Archive for May, 2012

SPEC RDBMS

2012/05/01

SPEC RDBMS(N, V) =

– – I wrote out this specification many years ago, partially to practice writing formal specifications, and partly to get clear definitions of the basic operations on tables in a relational database management system (RDBMS). Too many times, I see vague definitions and a couple of examples.  I wanted very precise definitions.  Somehow I can’t find those original notes, but since I was looking at Hadoop and Hbase, I decided to redo them.

– – The notation used is a variant of one developed by Butler Lampson, who taught it to me when we were both at Digital Equipment Corporation. It is simple and intuitive, and it is defined using simple set notation. Types have both state and operations (functions and procedures) defined on them to form a class. The parameters N and V in RDBMS(N, V) are classes with implied operators. Think of N as “names” which have an order operation and a concatenation operation. V is a class of “values” which can be thought of as a union of names and numbers. There is an order operation defined on V. where the numbers sort before the names.  Other interpretations of V are possible.

– – The notation X → Y denotes partial functions from X to Y, i.e. a function that is not necessarily defined for all x in X. If f: X → Y is a partial function, then f!x for x in X means that f is defined at x, and the value is then denoted f(x) as usual. We think of f in two ways: First f is a set of pairs (x, y) such that If (x,y1) In f And (x,y2) In f Then y1=y2. The second way is to think of X = {x1, x2, …xn} so that (f(x1), f(x2), … f(xn)) is a point in n-space. This is particularly fruitful when X is a set of names and the n axes are labeled with the names in X. This second way of thinking will be used in this spec for a RDBMS.

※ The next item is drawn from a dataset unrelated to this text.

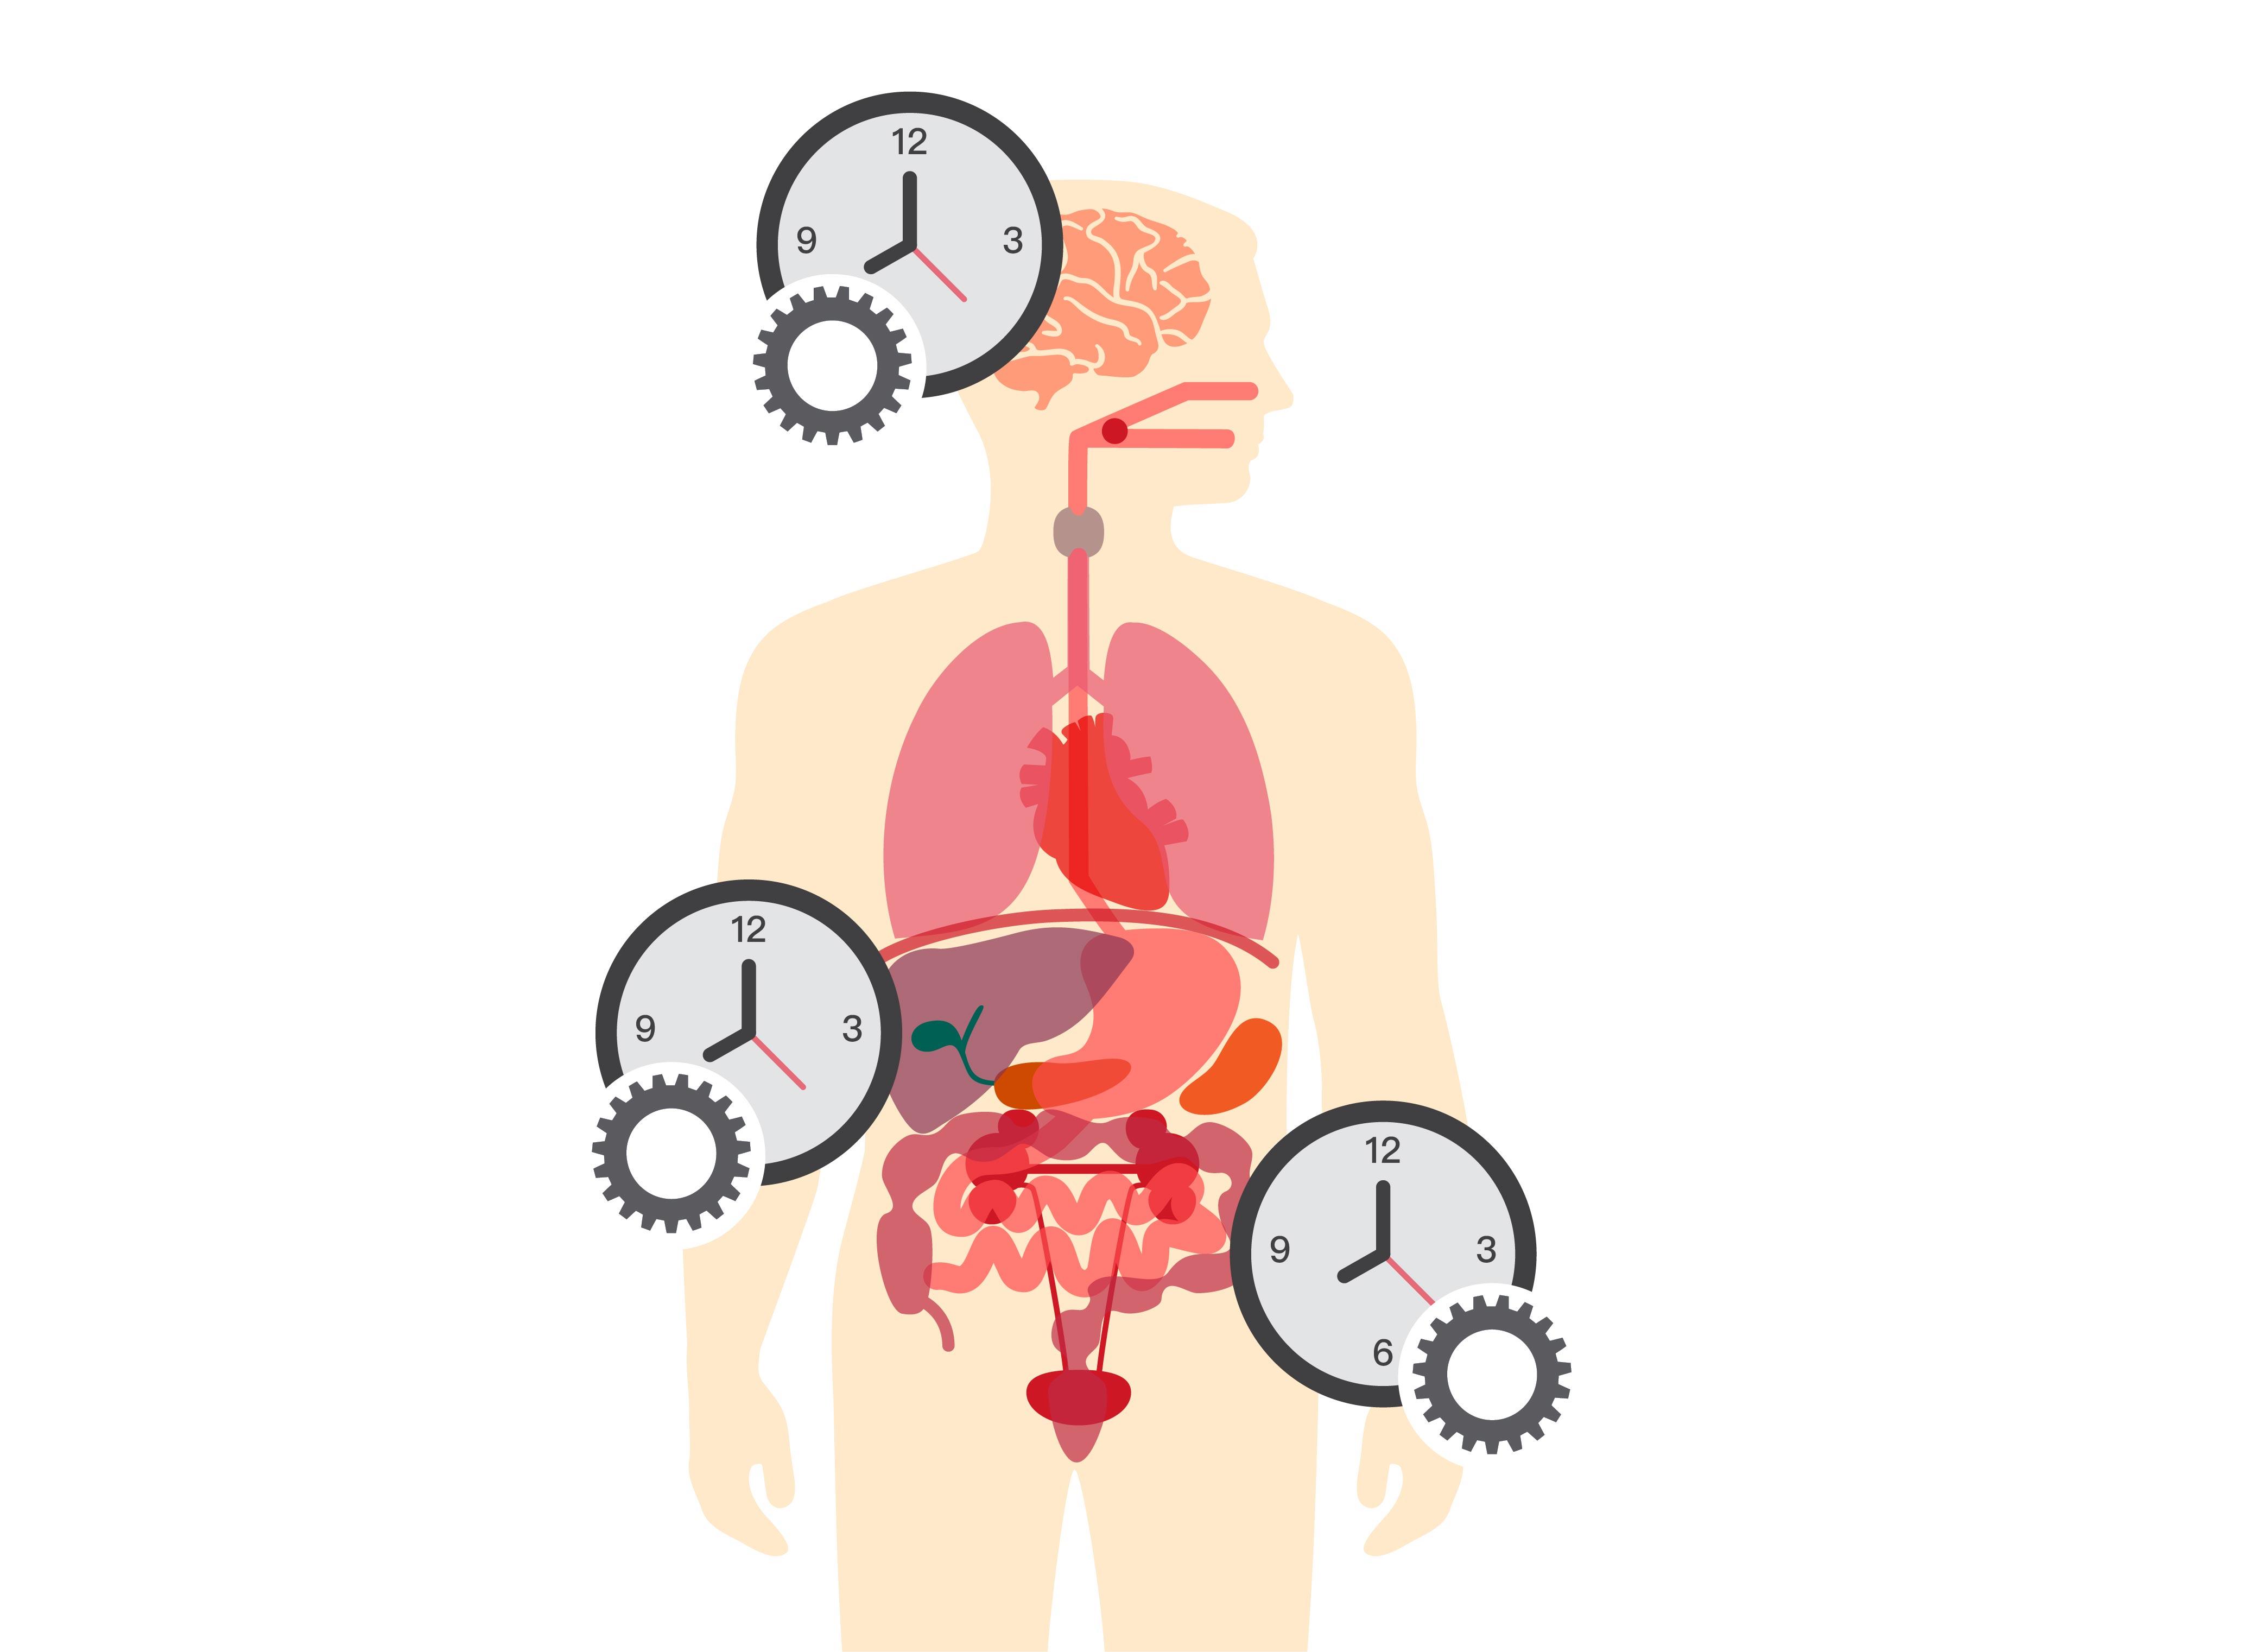 大腦是主要的生理時鐘,但體內各器官也有自己的生理時鐘,彼此會交互影響。 圖片來源│iStock 圖說重製│張語辰

– – The notation VAR x: X defines a state variable of type X. This construct can be followed with a “:=” to initialize x, or it can be followed with a vertical bar “|” preceding a condition. One reads the latter as “Choose an x such that condition is true.” No method to construct such an x need be given, and all construction options are open to the implementor. Details are discussed in [1].

Type

ColumnNames = CN = N

Row = Tuple = CN → V

– – think of a row or tuple as an n-tuple whose components are labeled by column names. Geometrically, a tuple is a point in n-space, and it is sometimes helpful to think geometrically about such points. On the other hand, thinking of this n-tuple as a row vector, and soon as a row of a matrix is also fruitful. Note that both of these interpretations needs an order defined on the column names for visualization. This order is not part of the formal definition. When dealing with multiple partial functions r: CN → V , it is useful to think of their domain as large enough to include the domains of all rows of interest, in which case, a particular r may not be defined on a particular column name cn. One often says then that r is “Null” at cn.

Type

Table = Relation = Set(Row) = Set(Tuple)

– – There are two ways to think of a table (= relation). The first is as a set of points in n-space, and the second is as a matrix whose columns have column-names, and whose rows may or may not have names. There is no defined order of columns or of rows. Thus the first of these interpretations needs to order the columns for visualization of points in n-space, and the second also needs to order the rows to obtain a matrix that one can write down and/or print. Entries in this matrix where the row partial function is not defined at a particular column name are sometimes said to have the Null value; although in these notes Null is not otherwise defined and is definitely not an element of V. A Null represents a lack of a defined value. Note that since this definition of Table is a set, a table cannot have identical rows. If this is desired for identical rows r and r’, then an additional column-name cn needs to be added with r(cn) not equal to r'(cn). With the image of a table T as a matrix T with orders on the column names c1, …, cn and rows r1, … rm, one often identifies the jth column name with the jth column whose value in row ri is tij = ri(cj).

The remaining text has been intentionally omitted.